Representing evolutionary lineages using ontological individuals has some modeling advantages, and may be more realistic, compared with using a simple class hierarchy. We described some of the rationale in these ICBO conference proceedings. For the purposes of the Phenoscape KB, this model supports specification of the semantics of particular phenotype annotations: the phenotype applies to all members of a clade, is observed for some members, or is applied to the ancestor of the members.

In the KB build process, the VTO taxon class hierarchy is translated into a relationship graph. For every class relationships such as

Class: Ictaluridae
    SubClassOf: Siluriformes

individuals with the same IDs (using OWL punning) are created with a relationship such as:

Individual: Ictaluridae
    Facts: subCladeOf Siluriformes

The properties used in the evolutionary lineage model are currently held in the Phenoscape KB vocabulary ontology (a holding place for KB-specific and preliminary terms). These include the inverse property pairs subCladeOf/containsClade (taxon to taxon) and memberOf/hasMember (organism to taxon/taxon to organism). subCladeOf is transitive, and also a member of a given taxon is inferred to be a member of all taxa containing that taxon (using a property chain).

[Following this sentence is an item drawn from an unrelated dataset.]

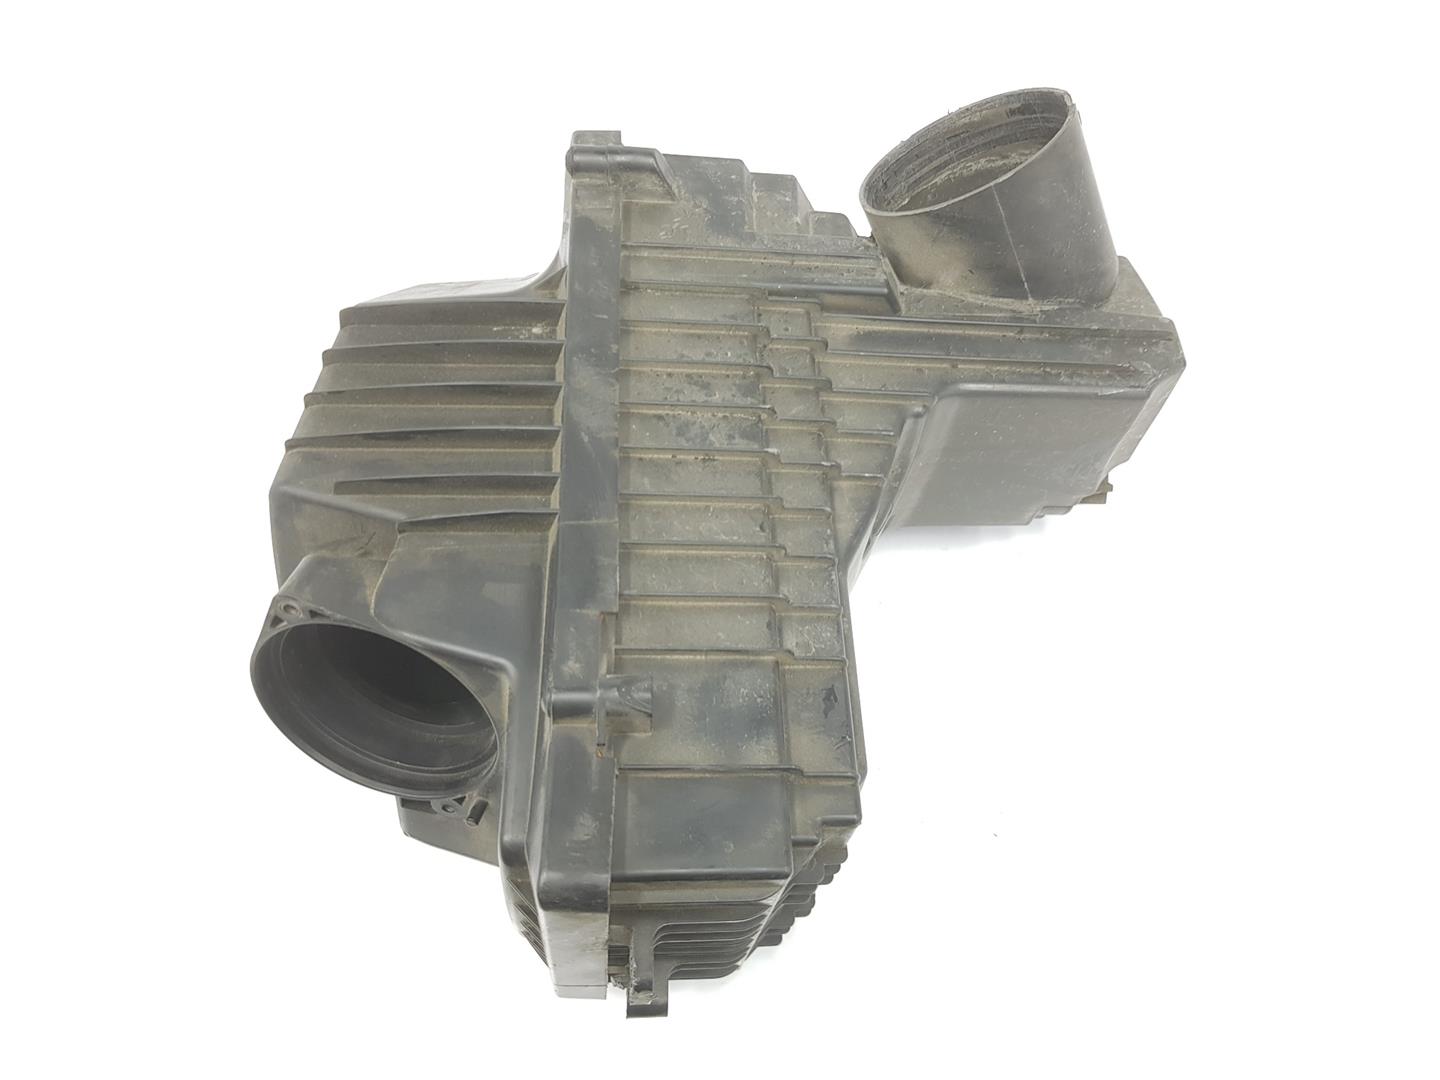 PEUGEOT 508 1 generation (2010-2020) Other Engine Compartment Parts 1427K4, 9644910780 24154750
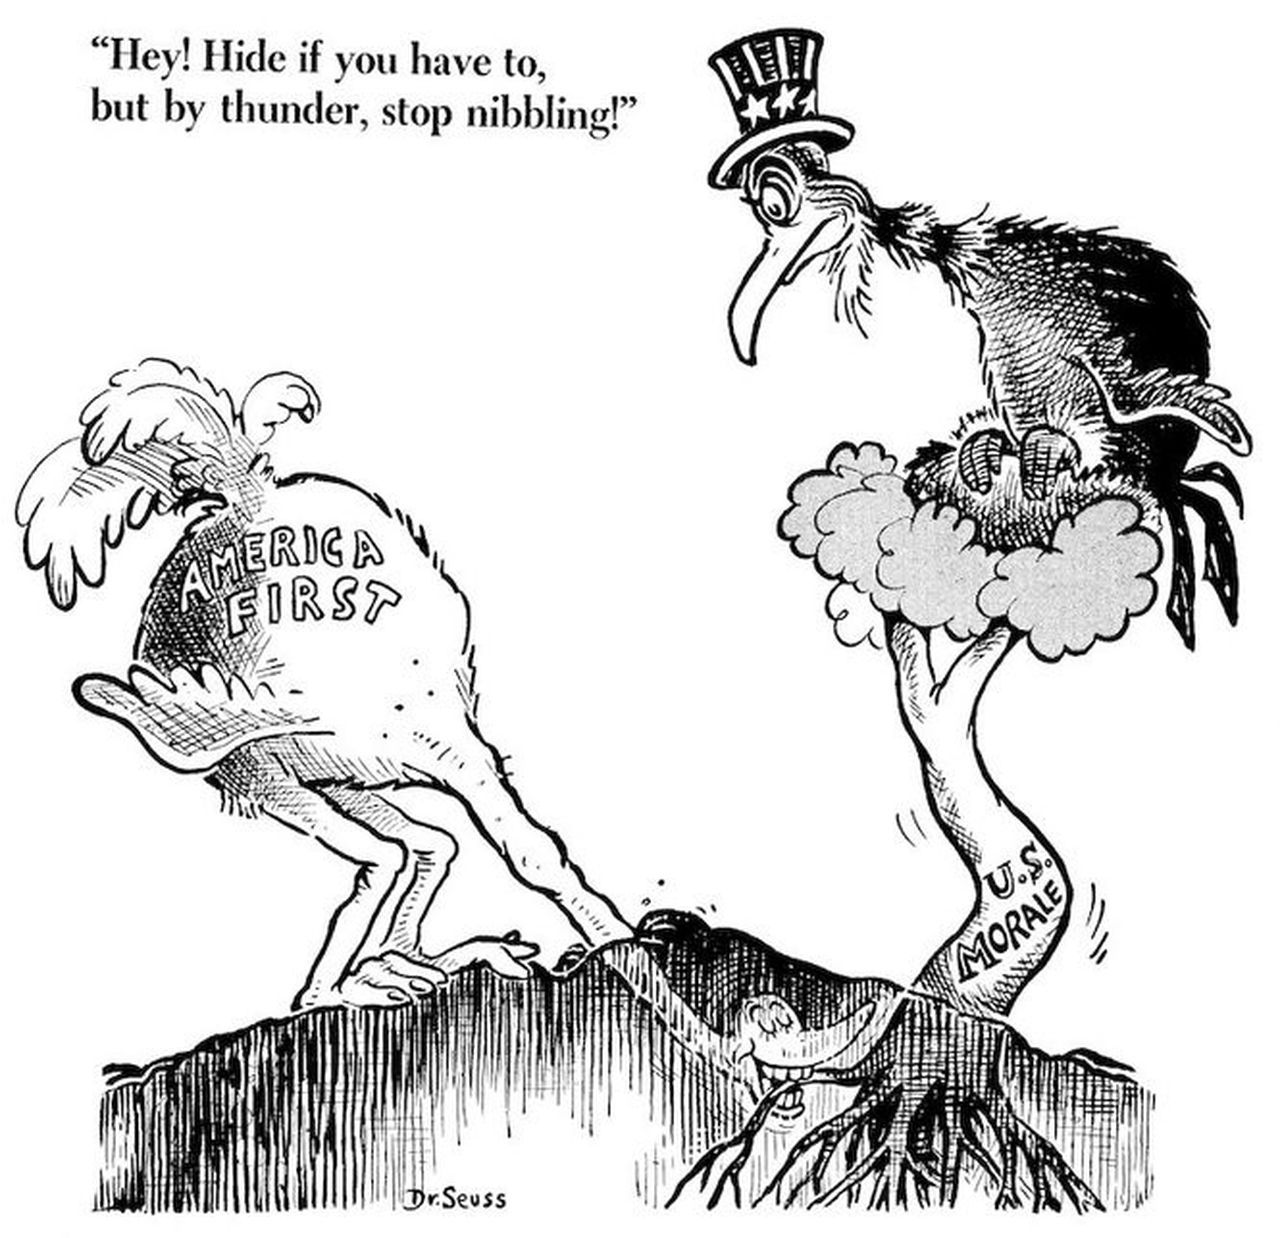 Dr. Seuss on America First 5

Comparison with CDAO tree model

The Comparative Data Analysis Ontology (CDAO) includes classes and properties for modeling phylogenetic trees which are different from the ones used here. We distinguish between models of information artifacts (e.g. a phylogeny produced by a particular analysis), such as is described by CDAO, and models of evolutionary lineages in nature. Obviously they are tightly related; the former is used to make hypotheses about the latter. However, the type of reasoning we would like to enable for each may be slightly different. The usefulness of this distinction is not yet well developed, however one example is that for a phylogenetic tree information artifact we can state that we know all of the nodes descending from a given node; i.e. we can close some of the open world.